Families of the detainees, some of whom are in their 80s, say the Palestinians have been denied access to lawyers and visitation rights, and authorities have recently begun reducing phone call access.
Umm Qusai al-Haddad, who was born in Saudi Arabia but now lives in Gaza City, said she feared for the safety of her father Suleiman, 67, and her two brothers, Yahya, 40, and Muhammad, 38, all of whom have been in Saudi detention since 2018.
She said Saudi authorities had repeatedly withheld information from the family, including their recent court session on March 8.
Last month, the Prisoners of Conscience, a non-governmental organisation advocating human rights in Saudi Arabia, announced in a post on its official Twitter page that Saudi authorities had launched a new campaign of ‘arbitrary’ arrests against Palestinian expatriates living in the kingdom on charges of supporting Hamas.

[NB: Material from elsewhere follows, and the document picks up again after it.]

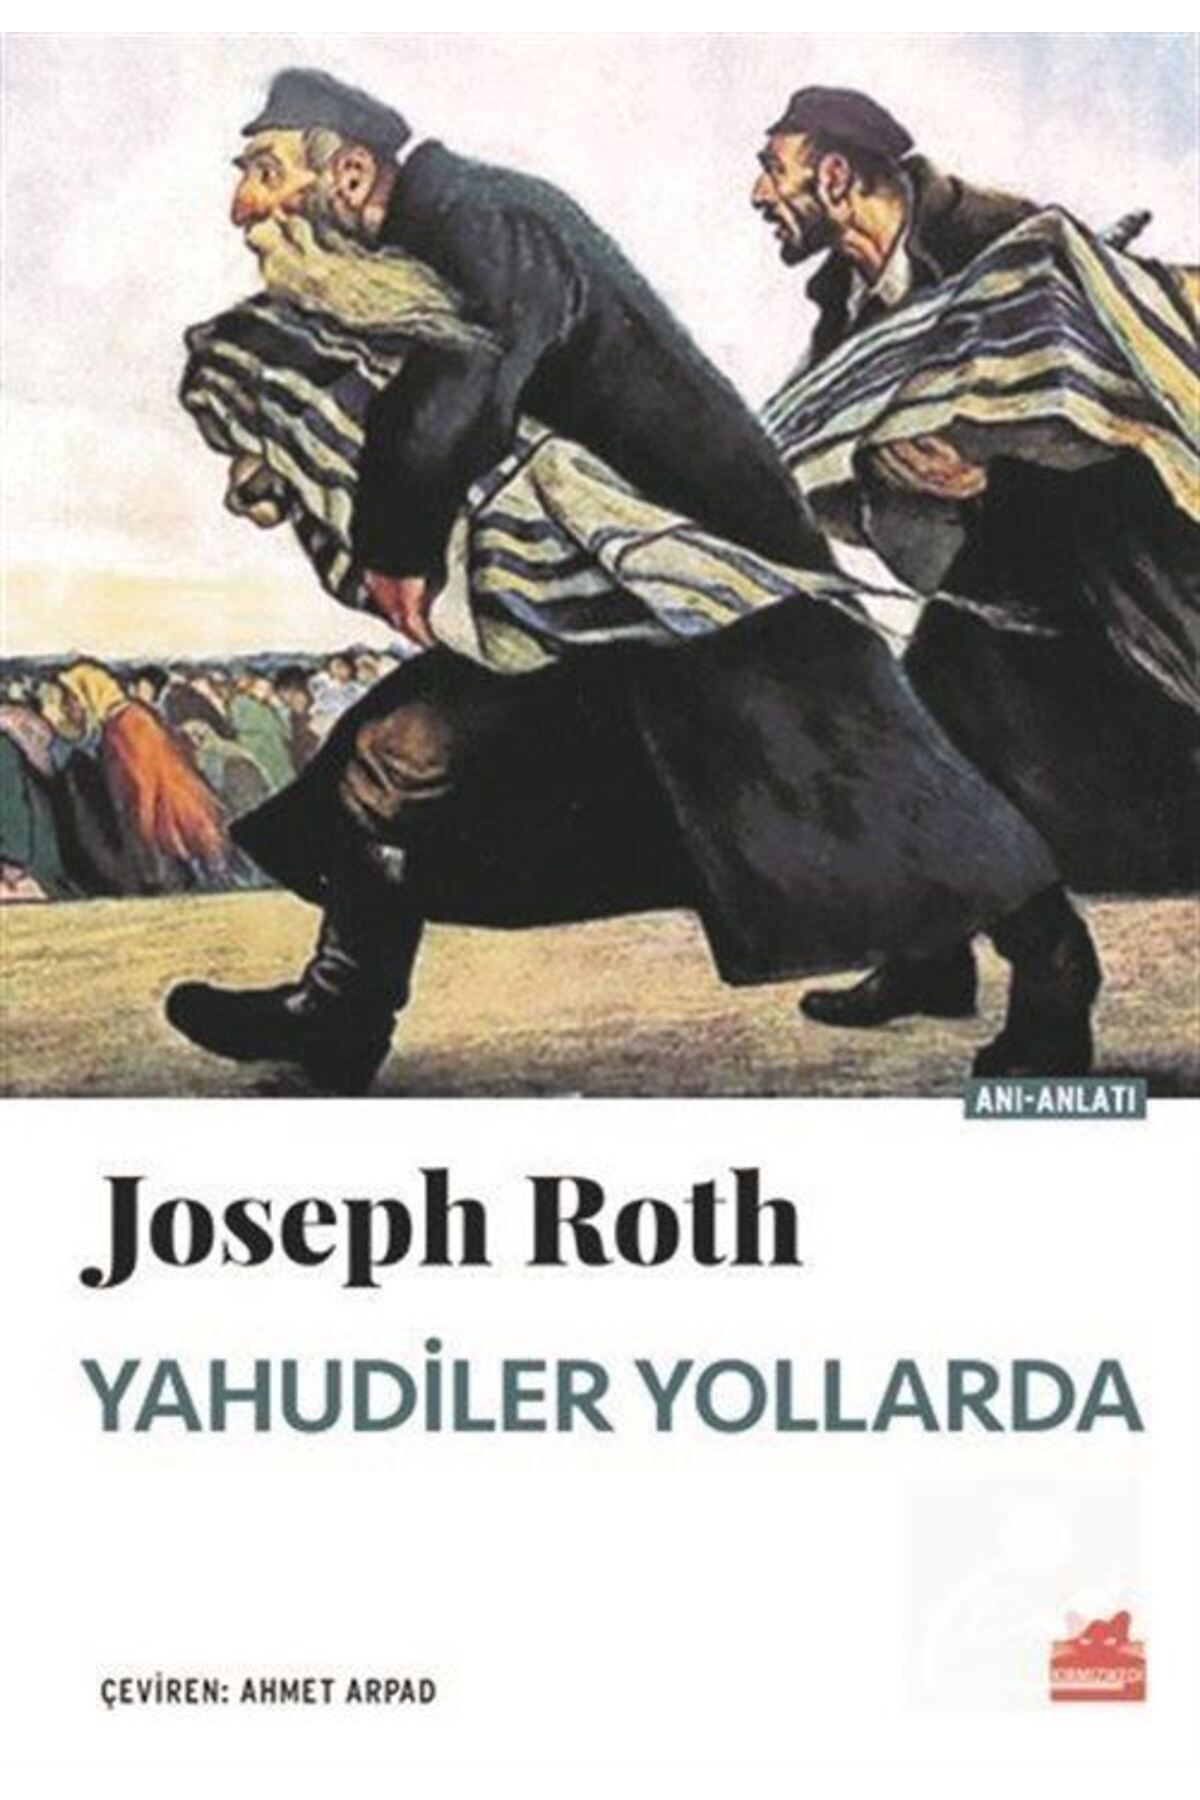 Kırmızı Kedi Yayınları Yahudiler Yollarda & Galiçya'dan Viyana'ya, Paris'e, New York'a
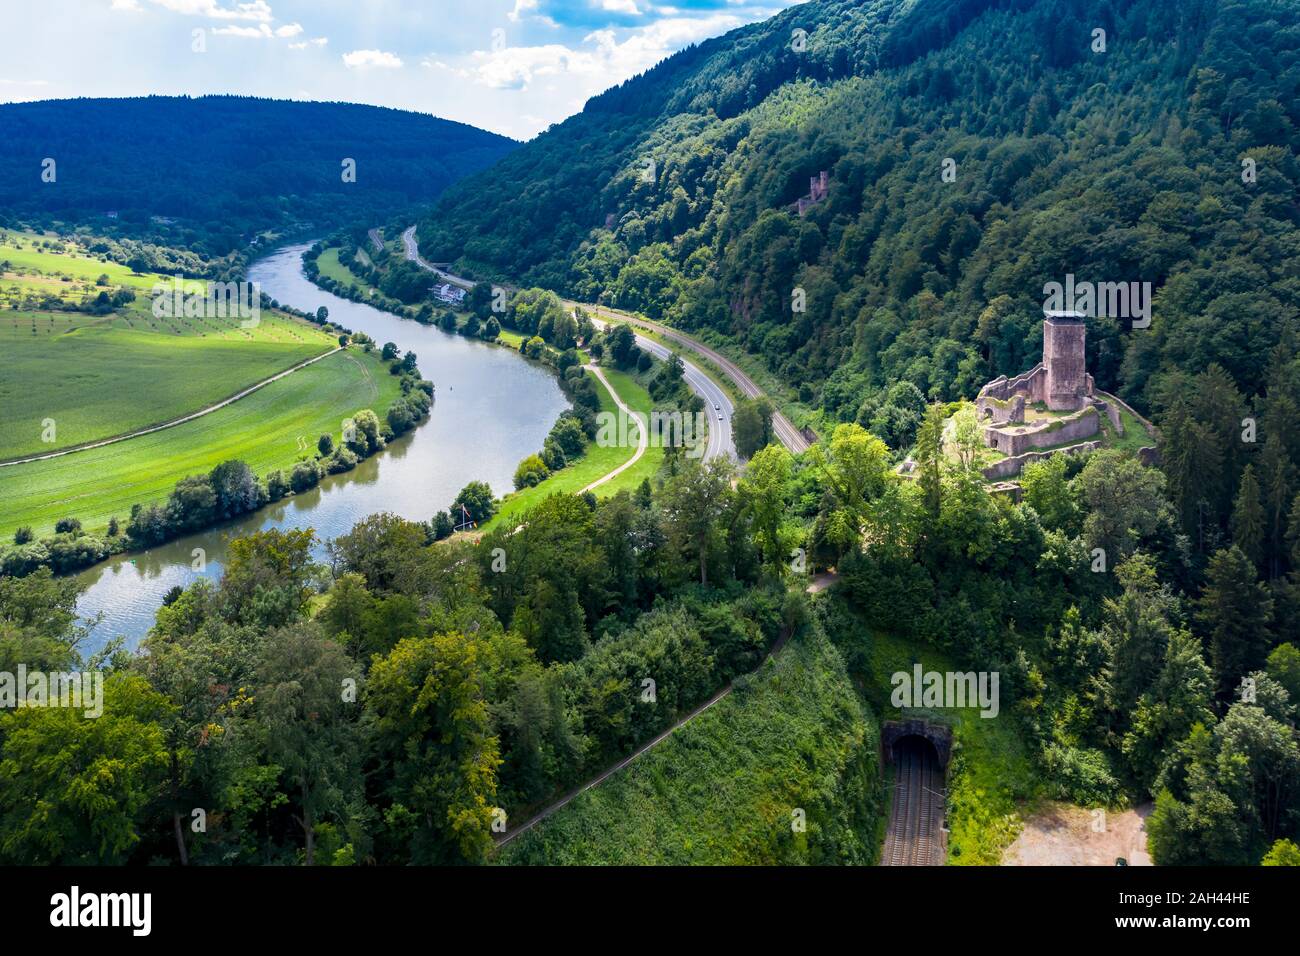 Alemania, Baden-Wurttemberg, Neckarsteinach Hinterburg, vista aérea del castillo y el río Neckar Foto de stock

On October 21 last year, Hamas spokesman Sami Abu Zuhri told Arabic-language Shehab news agency that Palestinians being held at prisons and detention centres in Saudi Arabia are exposed to various forms of torture and cruel methods of interrogation.
A Hamas spokesman says Palestinian detainees in Saudi Arabia are subjected to various forms of torture and brutal interrogation.
‘Unfortunately, there is a harsh investigation procedure against the detainees, some of whom are subjected to various forms of torture.
Interrogators of different nationalities are questioning them,’ he said back then.
‘There are about 60 Palestinian detainees (in Saudi jails), and some of them are the sons or supporters of Hamas.
Some of them have even lived more than three decades in the kingdom and greatly contributed to the construction of the country.’
He further noted that Hamas has made great efforts, either through contacts with a number of countries or Saudi officials, to secure the release of the Palestinian inmates but all to no avail.